(Work order)
From the material below, please set down exactly the lines starting with the one with "a sturdy sump" and going on through the one with "mockup of the", without a single picture.

(Exercise material)
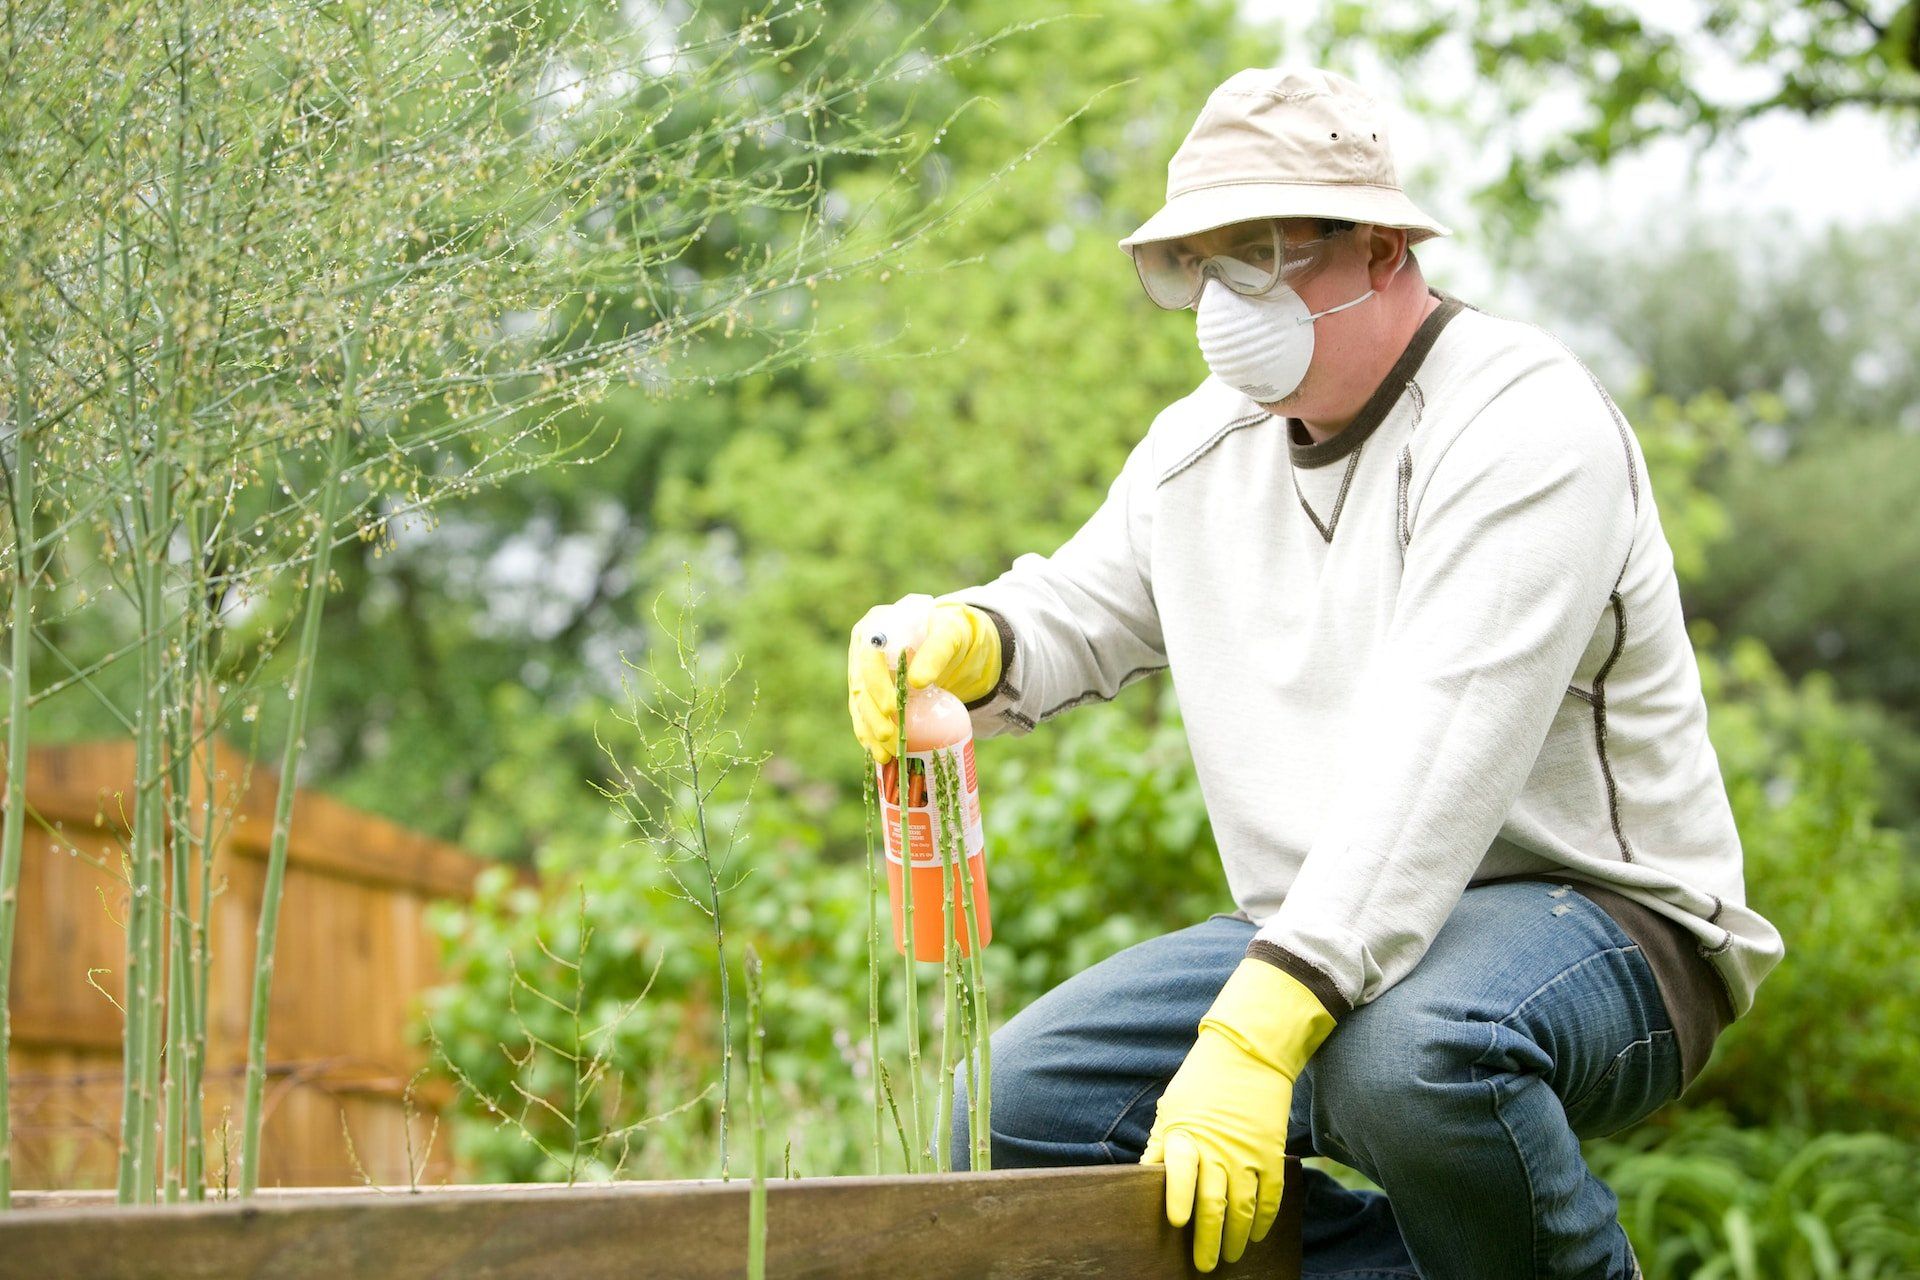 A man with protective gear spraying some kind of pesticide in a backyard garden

--

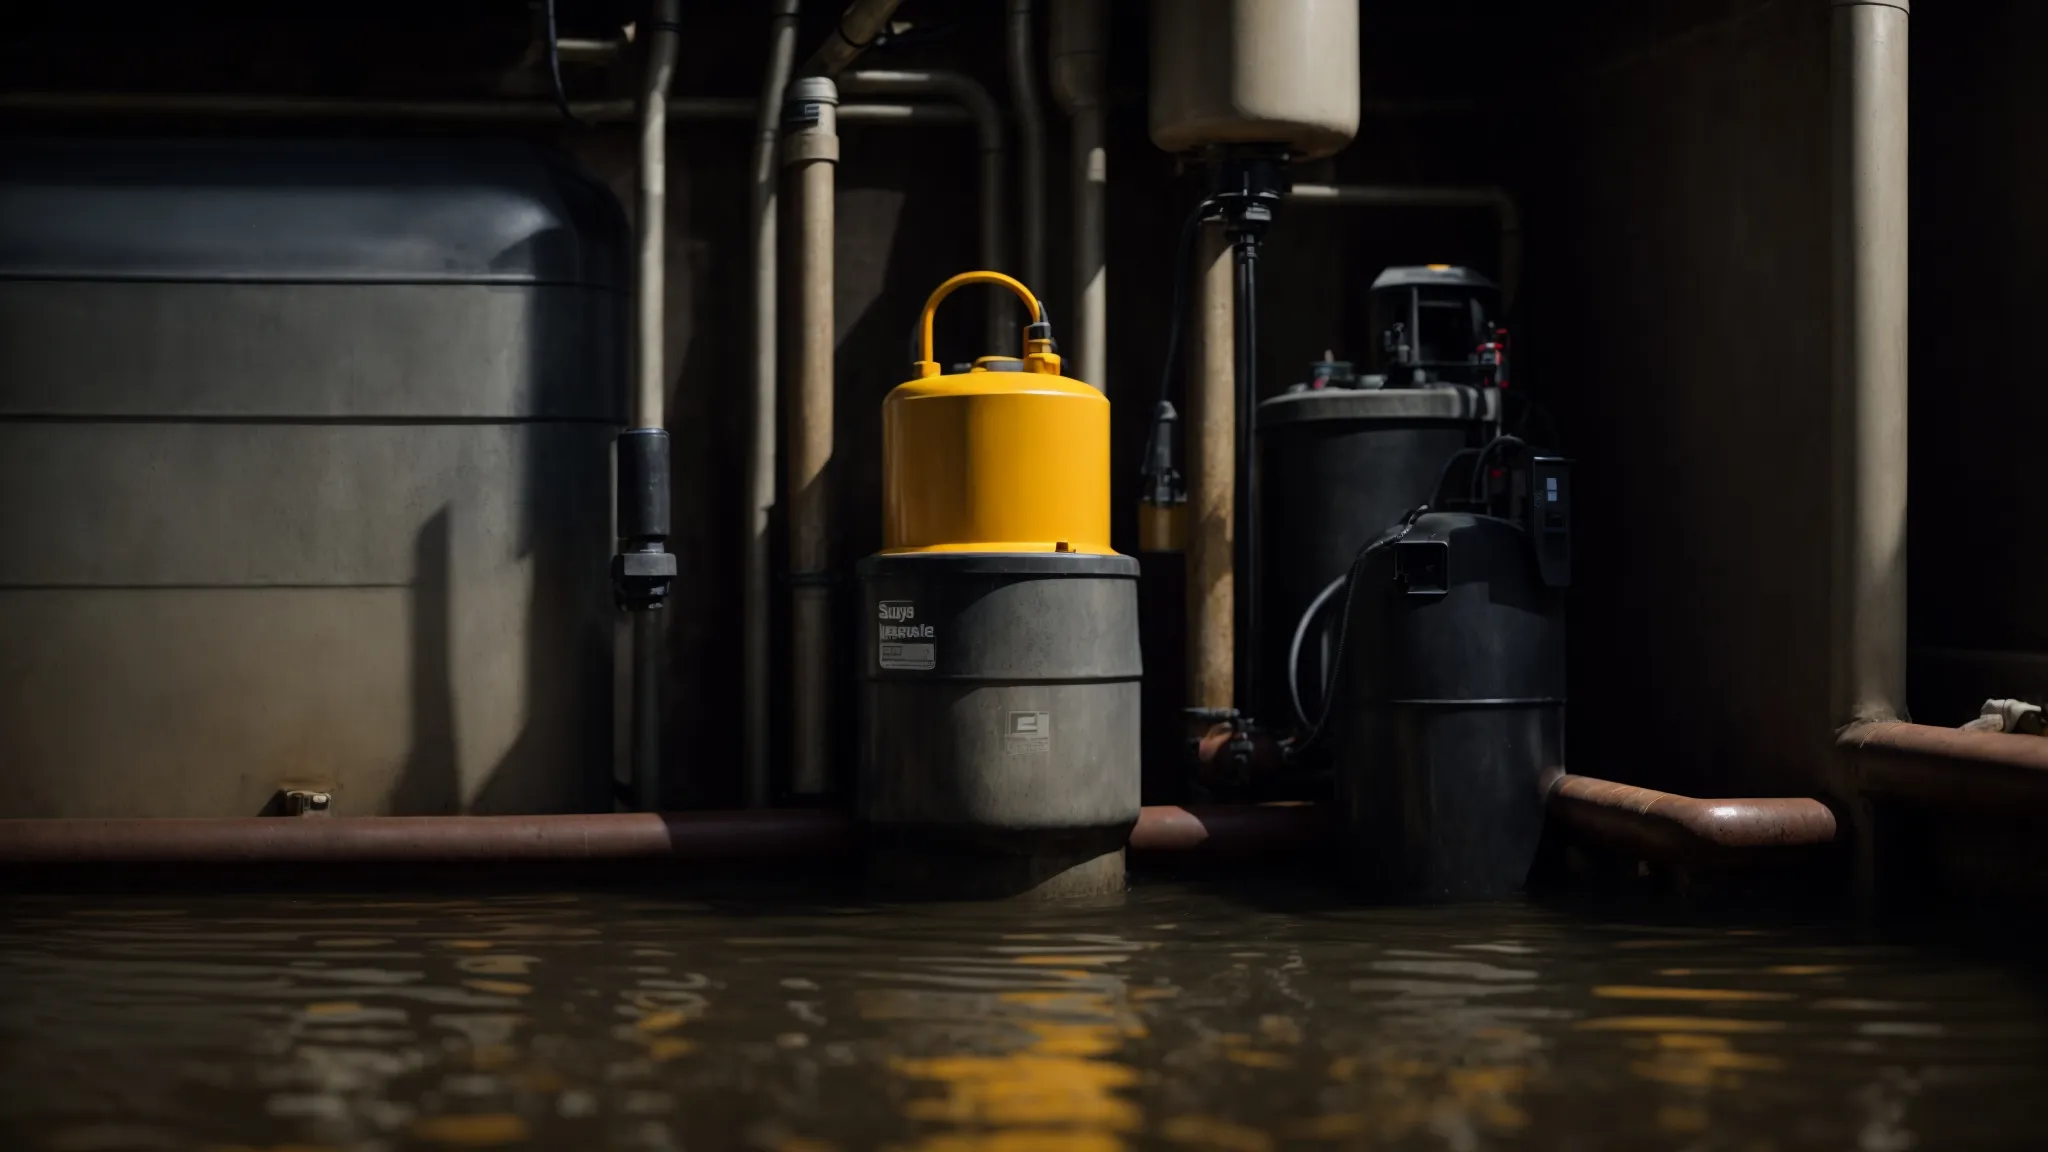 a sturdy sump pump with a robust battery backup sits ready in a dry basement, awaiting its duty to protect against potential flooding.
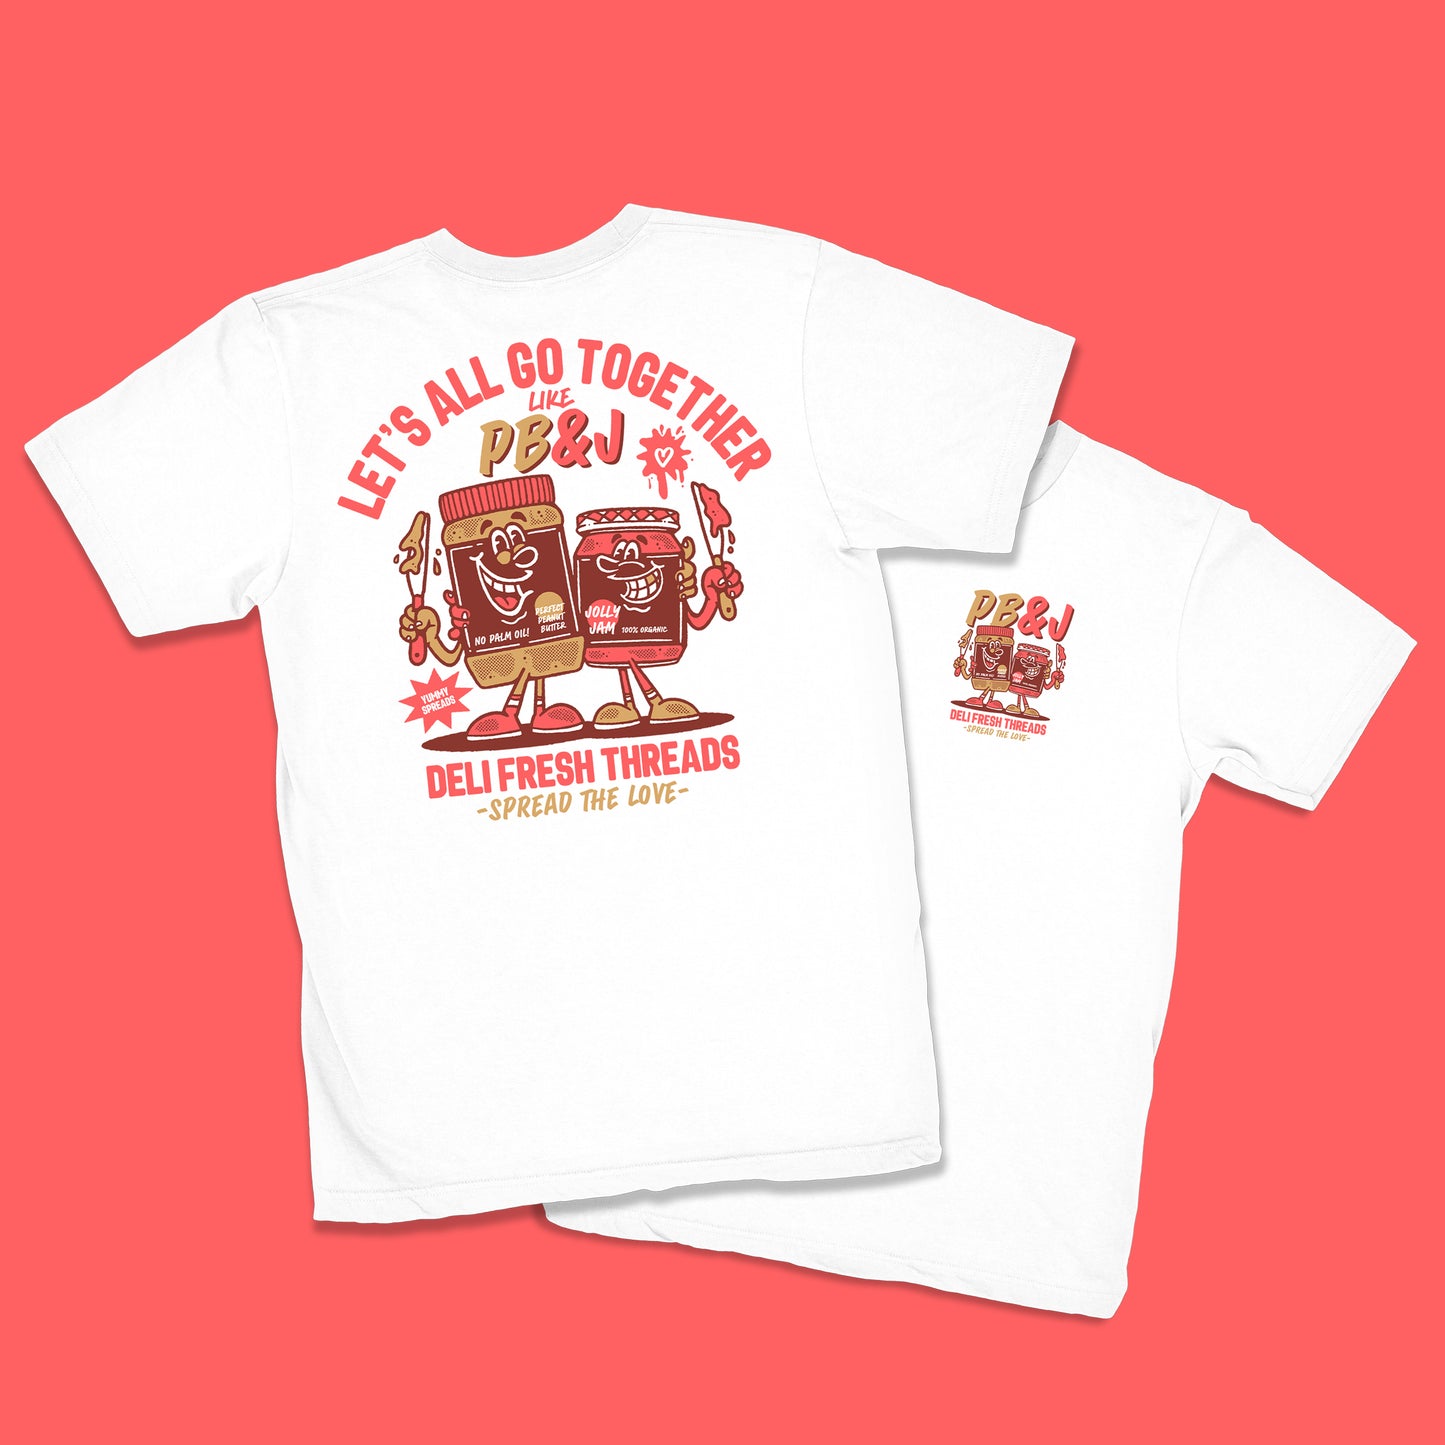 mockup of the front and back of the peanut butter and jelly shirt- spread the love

(Task response)
 a sturdy sump pump with a robust battery backup sits ready in a dry basement, awaiting its duty to protect against potential flooding.
 mockup of the front and back of the peanut butter and jelly shirt- spread the love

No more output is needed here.